Overall, and especially since the amendment of the Vienna Rules, VIAC encourages arbitrators and counsel to conduct arbitration in an efficient manner. Arbitral tribunals may consider counsels’ contribution to the conduct of an efficient proceeding in decisions on costs. Similarly, the General Secretary of VIAC may adjust the arbitrator’s fees by 40% because of “inefficient” or “especially efficient” conduct of the arbitration.
Especially relevant in the current pandemic and its effect on the economy, VIAC Rules provide that arbitral tribunals have the power to issue an order for security for costs if the respondent shows that recovering a potential claim for costs is at risk with a “sufficient degree of probability”.
Austrian Supreme Court Decision on Online Hearings
Under Austrian arbitration law, the arbitral tribunal may, unless otherwise agreed by the parties, convene at any place it considers appropriate for conducting proceedings, especially for deliberation among its members, making decisions, conducting oral hearings and taking evidence. However, the admissibility or conditions for online hearings are not addressed.
In July 2020, the Austrian Supreme Court rendered a landmark decision clarifying that hearings may be conducted online even in case of an objection by a party.

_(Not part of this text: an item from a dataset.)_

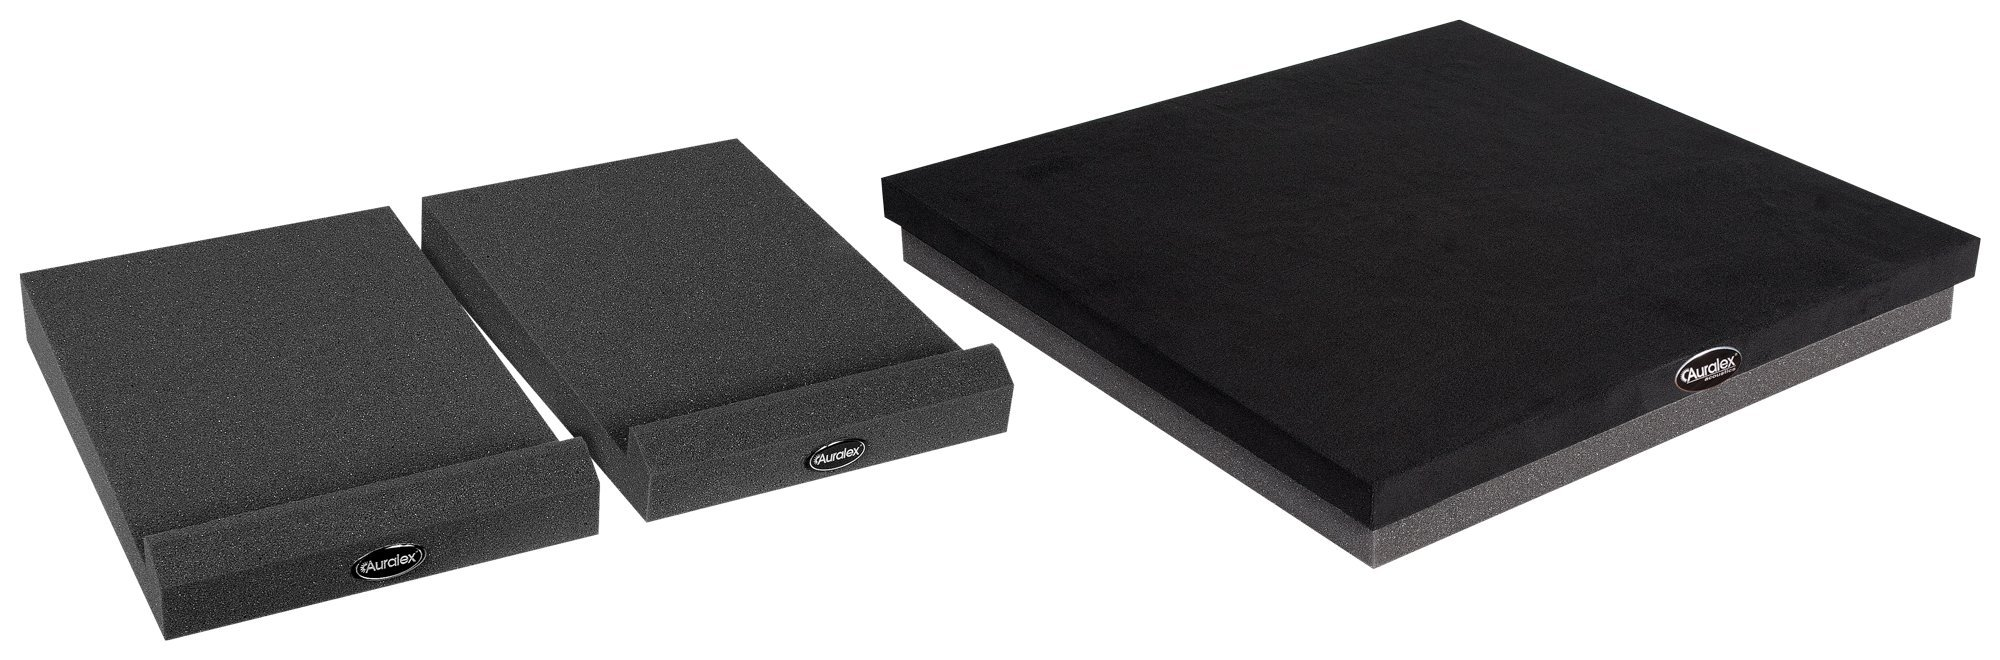 Auralex Acoustics SubDude-II MoPAD-XL Subwoofer and Loudspeaker Sound Isolation Set
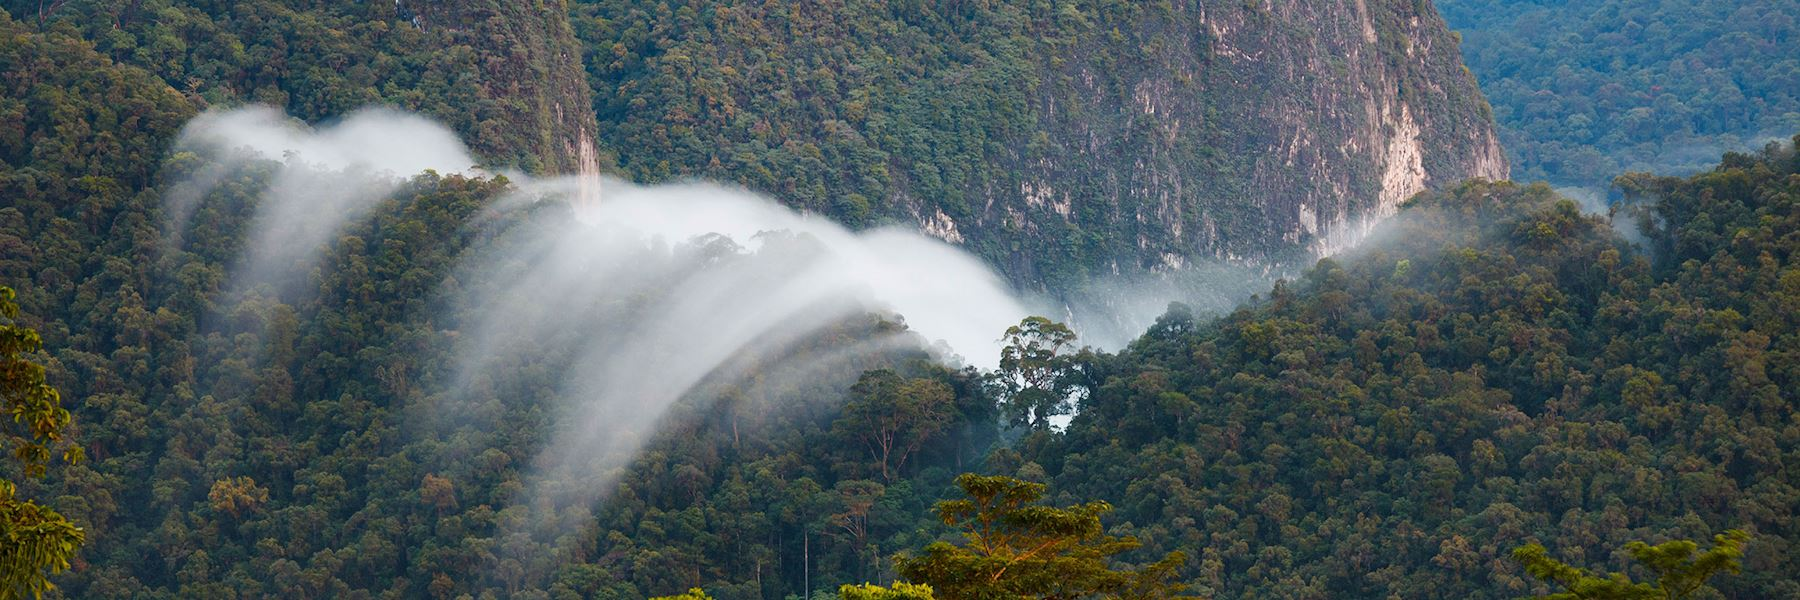 Visit Mulu National Park, Borneo

The reasoning of the decision finds that conducting a hearing via video conference does not per se violate the principles of fair treatment of the parties or the right to be heard as e.g. guaranteed by Article 6 of the European Convention on Human Rights (ECHR). Article 6 ECHR encompasses not only the right to be heard, but also the right to access to justice. Particularly in times of a pandemic, conducting proceedings via video conference allows to reconcile the right to be heard and the right to an effective access to justice. Online hearings are thus generally permissible.
Austrian Supreme Court Decision on Impartiality and Independence
Under Austrian arbitration law, an arbitrator may only be challenged if circumstances exist that give rise to justifiable doubts as to his impartiality or independence, or if he does not fulfil the conditions agreed to by the parties. The standard is objective. It is decisive whether circumstances exist that, from the point of view of a reasonable third party with knowledge of the relevant facts, could give rise to doubts as to the arbitrator’s independence or impartiality. The appearance of bias is sufficient. When assessing an arbitrator’s independence and impartiality, the Austrian Supreme Court applies a strict standard that is comparable to the standard applied by leading arbitral institutions such as the ICC.
In 2020, the Austrian Supreme Court rendered an important decision on the weight to be given to professional contacts between arbitrators and party representatives when assessing an arbitrator’s impartiality and independence. In the case decided by the Austrian Supreme Court, the arbitrator and party representatives that had nominated the arbitrator had several professional ties. Specifically, contacts had occurred in the course of the organisation of arbitration-related events and due to joint membership in arbitral institutions. The Austrian Supreme Court held that the usual involvement of arbitrators and counsel in professional circles does not in itself justify doubts regarding an arbitrator’s independence and impartiality.